My jams are in good shape. I am planning to tape them off from overspray and clean them up really good when done.
I know this is a DIY thread, and also a loaded question, but for comparison purposes what's the ballpark on a professional paint job? Assume no bodywork is needed aside from normal prep. And a cruise level job, not showcar perfection.
I know this is a DIY thread, and also a loaded question, but for comparison purposes what's the ballpark on a professional paint job? Assume no bodywork is needed aside from normal prep. And a cruise level job, not showcar perfection.
And the DIY guys, what are you in for so far?
The trick is finding a guy that isn't going to bend you over on paint, but after doing this project, I do see why it costs what it does. It's not uncommon for it to easily be $10K+ to have a car painted.... My guy will paint a car for me for $4000-$5000 depending on how much prep is needed, and it is a quality job.... As far as what I have in this so far, primer/paint/clear about $1500, another $1500 for my paint/body guy to remove the dents and align panels. I'll be about $3500 into it when I am done as I know there will be a few more odd/ends i'll need to get.. As most will tell you, prep is the main part, but also make sure to use quality paint/clear. You can have a $1000 SATA gun, but if you are spraying crap paint, it won't look very good. That also works in reverse, you can have quality product and a "decent" gun and end up with a nice paint job.
Ibut for comparison purposes what's the ballpark on a professional paint job?
the word professional means diddly squat these days.
i work out of my house, paint in my garage, and have had magazine cars, sema cars, best of show winners and all that..
It's the person doing the body work is where it counts.
Any person can spray paint, and you can hire a detailer to come to your place and color sand/buff it afterwards.
But in the end, it's the guy who does the body work.
I charge roughly $650 per panel for labor on a 'stock' paint job, plus materials.
I have also charged $38k on a paint job. So in the end it's all labor, pure labor.
This is helpful perspective, thanks. I'm close to pulling the trigger on a 3rd gen that needs paint. The body is in overall good shape but the existing paint is faded and peeling. I'm trying to assess the options while having zero paint experience, but always willing to DIY.
Got some of the ground effects painted today.
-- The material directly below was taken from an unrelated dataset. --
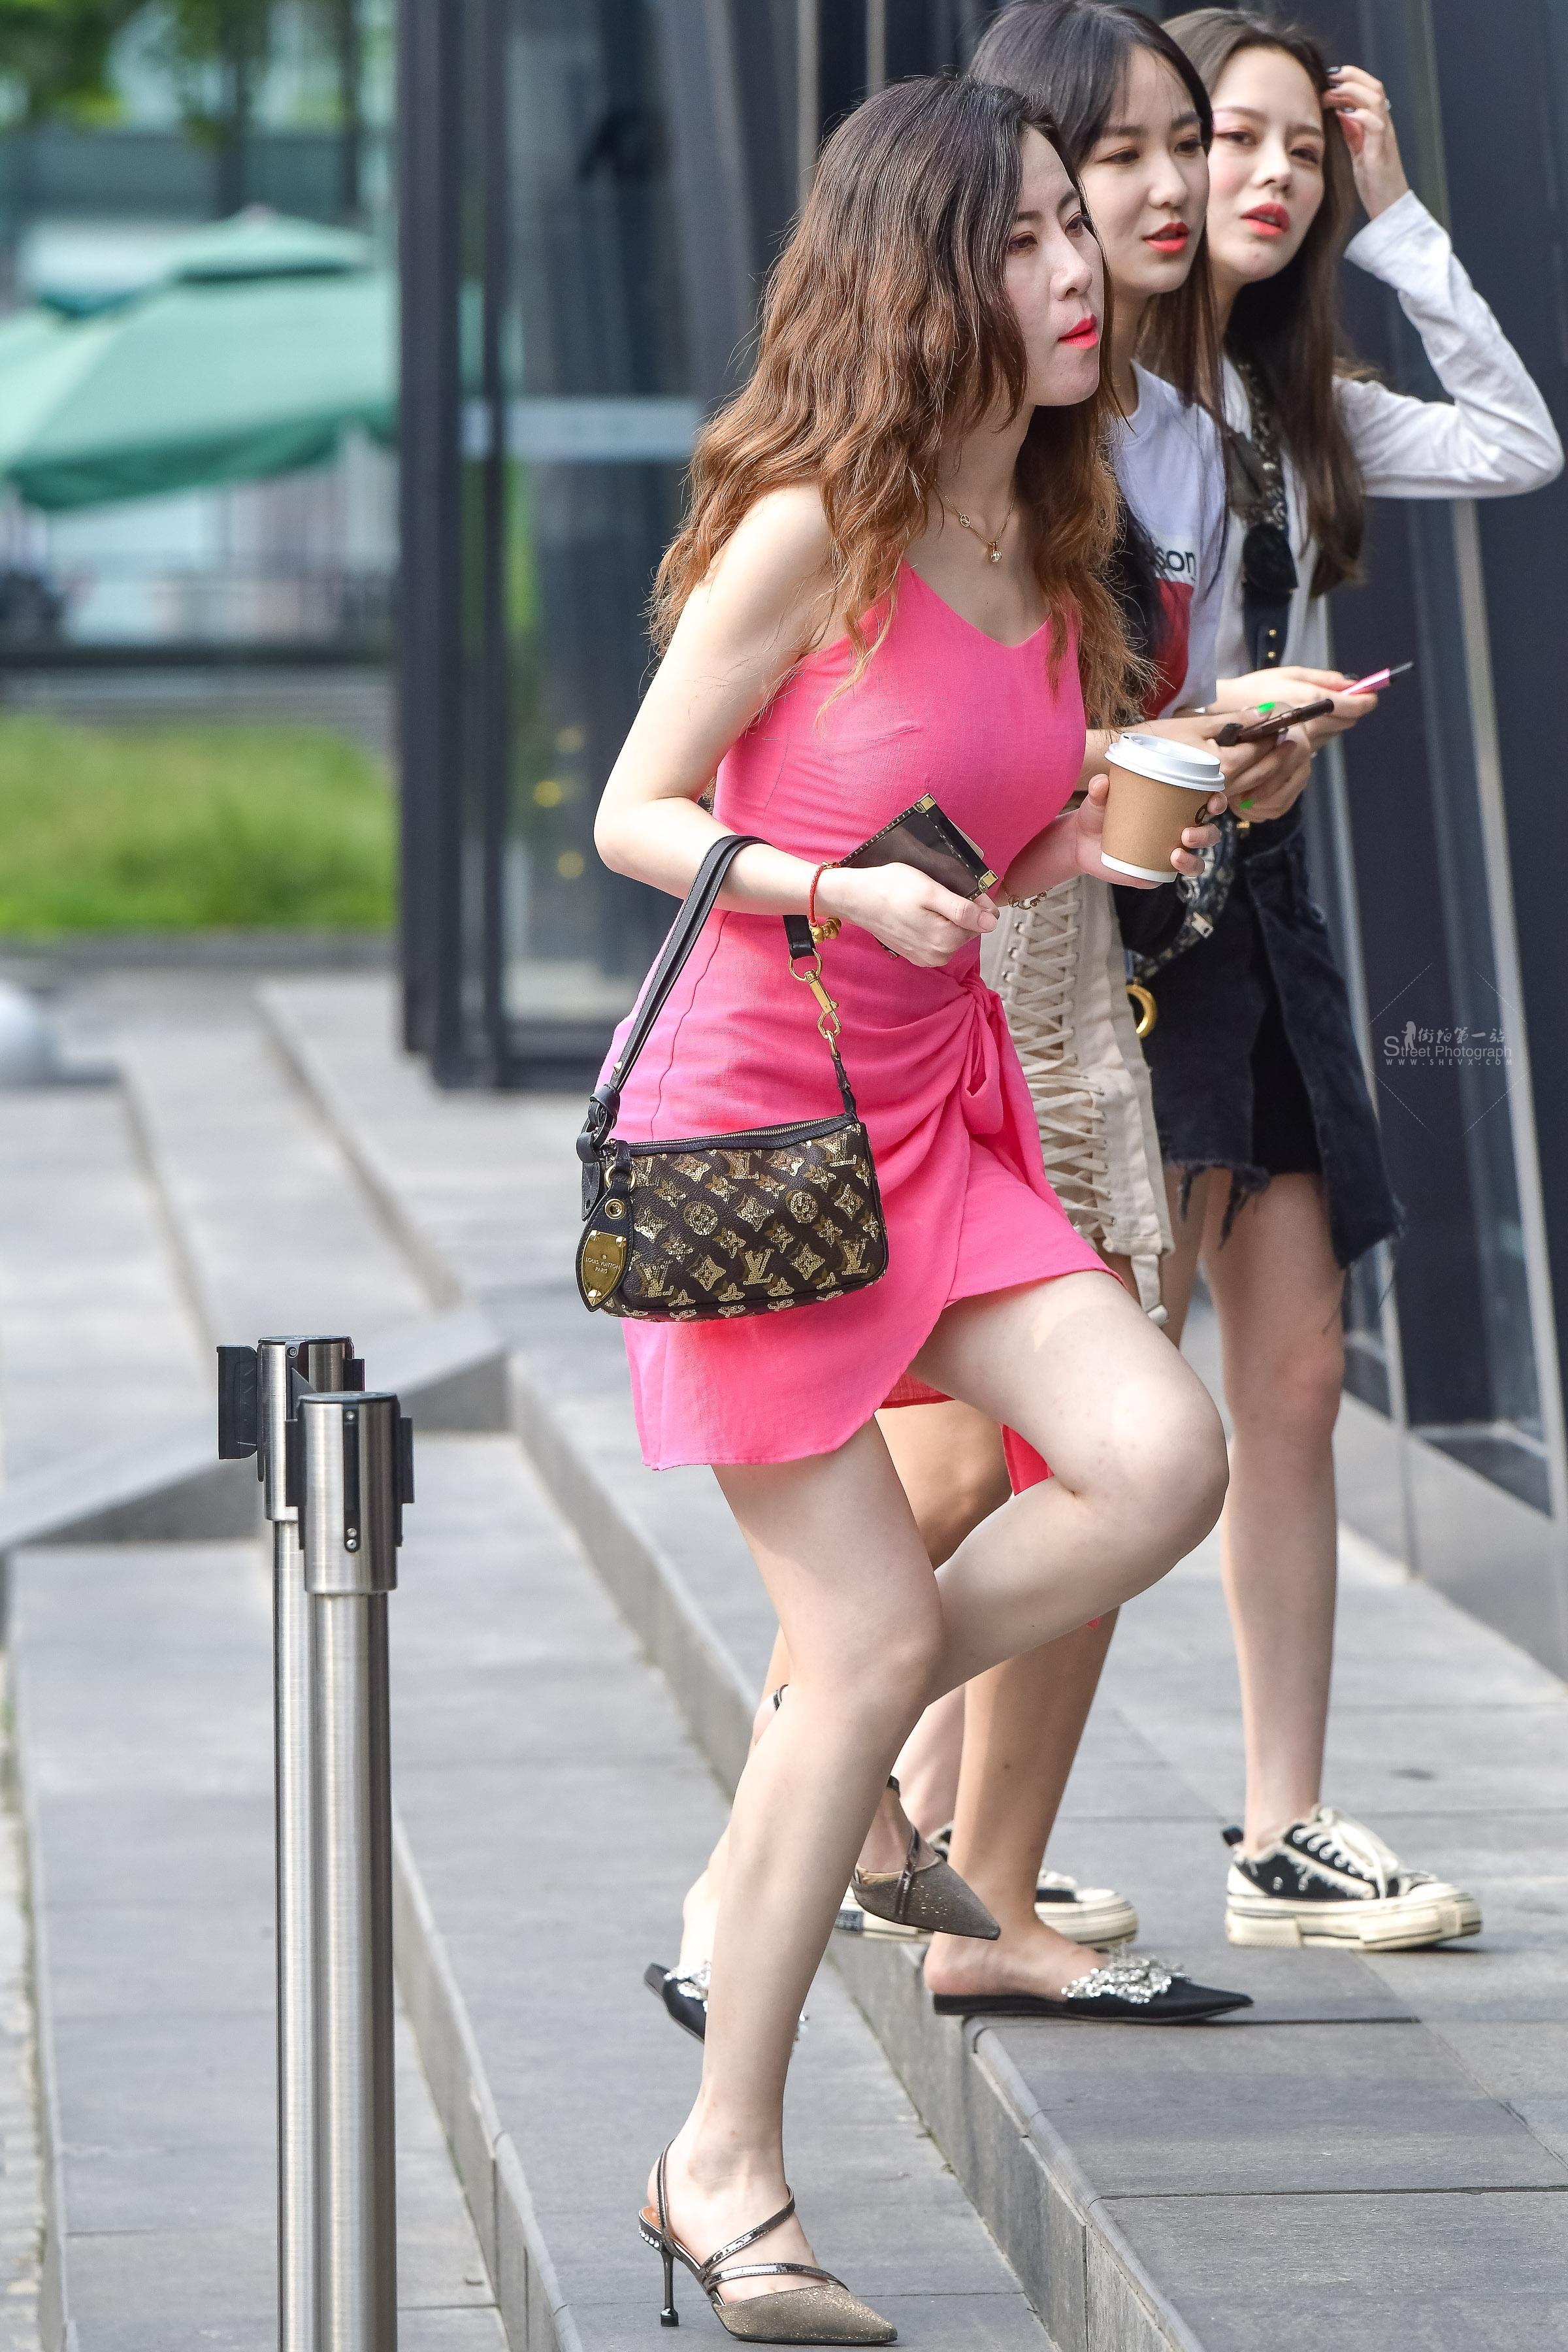 最牛的一张照片和姑娘白白的腿完美的容颜 最新街拍丝袜图片 街拍丝袜第一站

Will probably do the front/rear bumpers next weekend. Have one run I have to deal with, but overall they look good.
Do the GFX and bumpers need to have additive added to them for flex?
What brand primer, paint and gun are you using?
Not using any flex agent. Products are:
Primer/Paint - Shopline Products
Clearcoat/Activator - Transtar Products
Guns - I am using an Inokraft D1 LVLP gun off Amazon. 1.7 tip for primer and 1.3 tip for paint/clear. I also have a black widow HTE gun from Harbor Freight, but prefer using the Inokraft. Both are fairly inexpensive.
Looks great! Any special prep to the shop area to get ready for the paint?
I am planning on draping my entire garage in plastic and getting the floor wet.